February 12, 2017
Weekly Market Outlook
By Keith Schneider
US Equities markets handled multiple faux paus of the new Trump administration as a sideshow and focused on an upcoming proposal to reduce taxes. The S&P 500, NASDQ 100, and the Dow Industrials (INDU) all soared to all time new highs and closed around +1% on the week.
One thing to note however is that trading volume has dropped to levels not seen since 2007. It could be the sharks are swimming in the dark pools, accumulating positions from murky waters.
Overall, Mr. Market seemed happy with the decision by the federal courts to stop President Trumps executive order on immigration. Mr. Market generally likes the idea of checks and balances. He seemed even more thrilled by Trump’s quick retraction of multiple China’s which eased tensions with the worlds second largest economy.
Trumps special advisor Kelly Ann Conway, drew flack for confusing promoting Ivana Trump’s clothing line with running the country. Conway was sent to her corner (hard to find in an oval office however) and given a time out. Mr. Market again shrugged his shoulder and moved higher.
The gains this month are confounding skeptics and quants who count on February for being one of the weakest performing months of the year.

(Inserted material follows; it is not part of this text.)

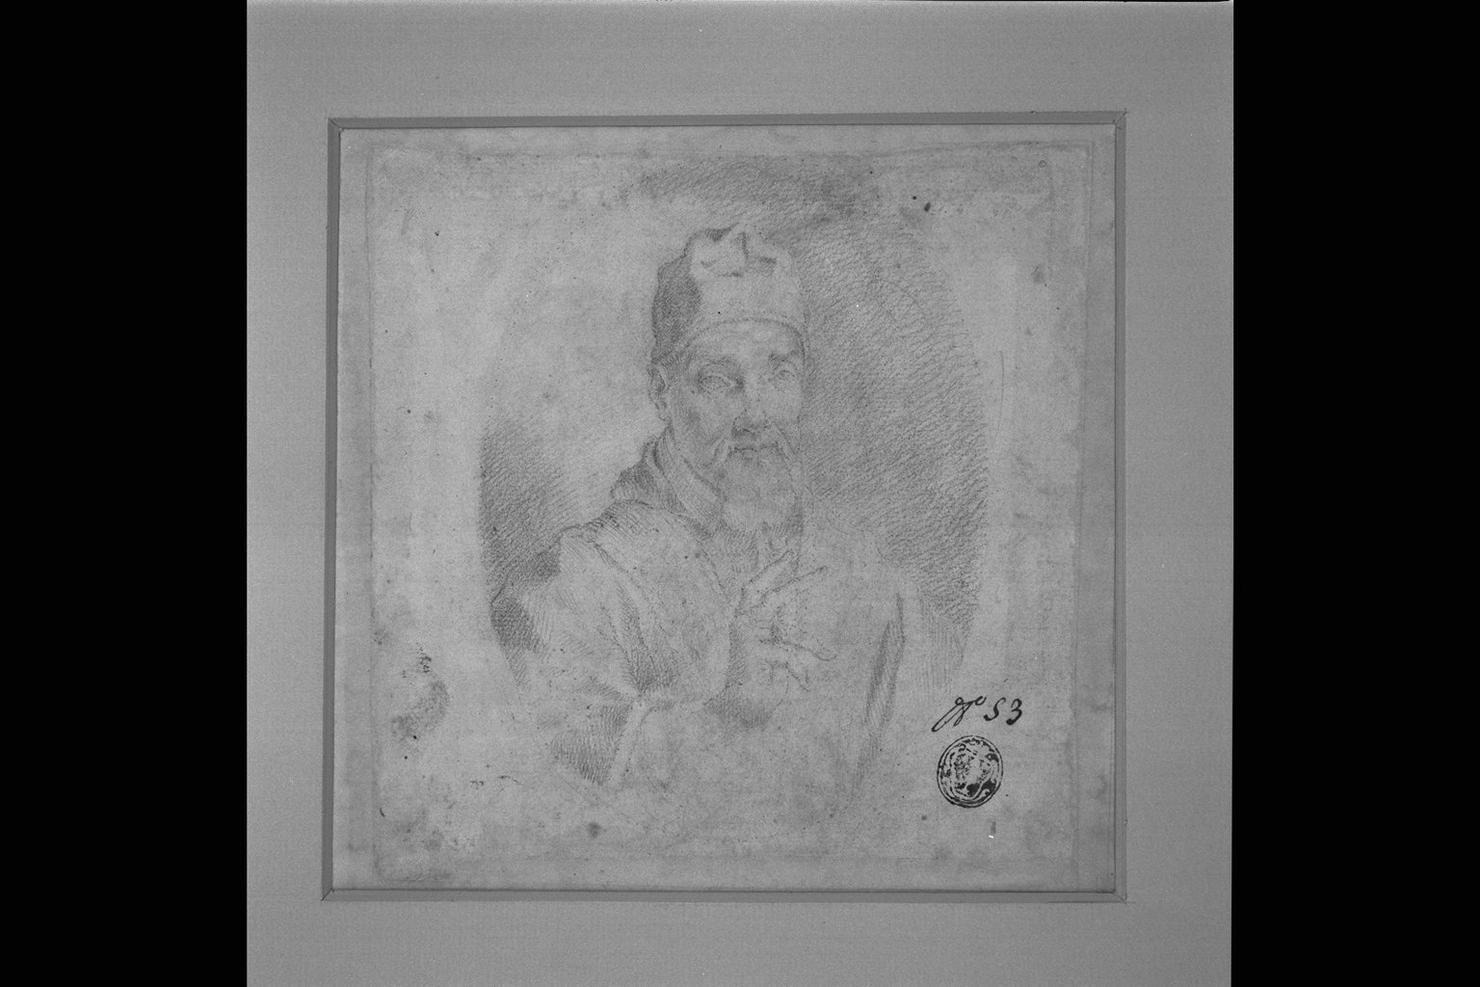 ritratto di papa Urbano VIII (disegno) di Abbatini Guido Ubaldo (sec. XVII)

This month is not over of course and anything can change on a dime.
The overall picture is positive for stocks. Accumulation days have picked up and most risk on indicators positive. Chart patterns are looking good as well with Retail Sector (XRT) finally moving over the 200-day moving average. Market Internals are not overbought and have plenty of room to explore on the upside.
The rotation between what is hot and what not, has been dramatic. The Russell 2000 (IWM) which took off (+13%) after the election lasted until early December has since stalled.
IWM, handed the baton to the tech laden NASDQ 100 (QQQ) in early January which had barely budged since the election. The QQQ’s then came alive and posted a 5% gain for January and is now up +7.5% YTD. This month is not over of course and anything can change on a dime.
Another good example of this rotation is RSX, the Russian country ETF. It’s now up +18% since the election. Beside Putin potentially sending Snowden back from the USSR (I hear an updated Beatles tune here) to the US, the bromance between Putin and Trump has helped the Russian (RSX) country etf soar.
This rotation between what hot and not across asset classes has been amplified since the election and is likely to persist. (to find out how to easily identify and capitalize on these rotations click here)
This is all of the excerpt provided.